I am having some difficulty getting some of the financial defintions/contexts straight. I was wondering if somebody could help me with the following sentences:

  1. A house can be considered a type of asset.

  2. Bankers trade financial assets on a daily basis.

I see that "das Vermögen" is used for asset, but from my understanding, this just means "wealth". I also see that "der Aktivposten" is used in some contexts, and I really have no idea what is going on there. What are the differences between "der Aktivposten" and "das Vermögen"?

  • 2
    I don't think there is a direct equivalent translation for "asset"; a translation would use a word for a specific context (here: financial).
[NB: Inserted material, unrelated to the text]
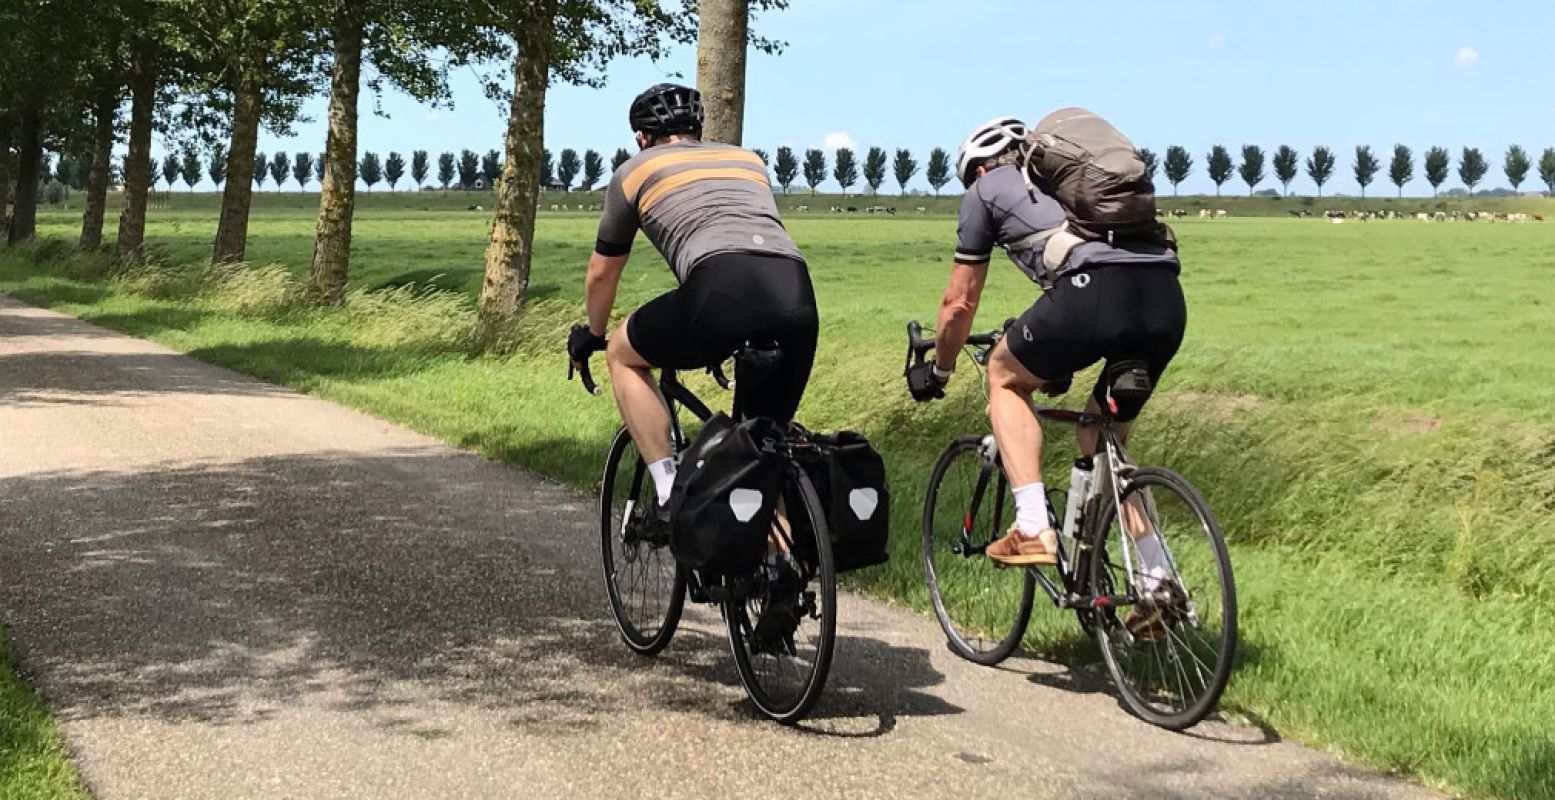 De landschappen van Nederland lenen zich perfect voor een lange fietsroute. Bijvoorbeeld langs alle werelderfgoederen van het land! Foto: UNESCO Werelderfgoed Nederland

The already suggested translations wouldn't work e.g. when referring to a person.
    – Erlkoenig
    Commented Jun 27, 2019 at 9:16

2 Answers 2


I would suggest the word:


It means a thing of value that is part of your Vermögen (see below).
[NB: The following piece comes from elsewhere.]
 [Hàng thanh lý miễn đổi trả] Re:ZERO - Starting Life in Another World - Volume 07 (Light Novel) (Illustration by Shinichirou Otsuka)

Aktivposten is used to describe asset that are on the assets side (Aktivseite) of a balance sheet.

Vermögen is the whole of your monetary worth.

Edit: Asset is a word that can be translated in various ways depending on context. Deepl gives a good list

  • 2
    So, the following would be correct? 1. Ein Haus ist einen Vermögenswert. 2. Banker tauschen finanzelle Vormögenswerte täglich aus.
    – Mark
    Commented Jun 26, 2019 at 13:53
  • 1
    Too directly translate: 1) Ein Haus kann als eine Art Vermögenswert betrachtet werden. 2) Banker handeln täglich mit Vermögenswerten/Finanzanlagen(Better Word in this Kontext but Vermögenswerten may be used here). Commented Jun 26, 2019 at 14:01

The word "asset", especially in the context of your question is a term from accounting. As such, it makes sense to use accounting terms for the translation.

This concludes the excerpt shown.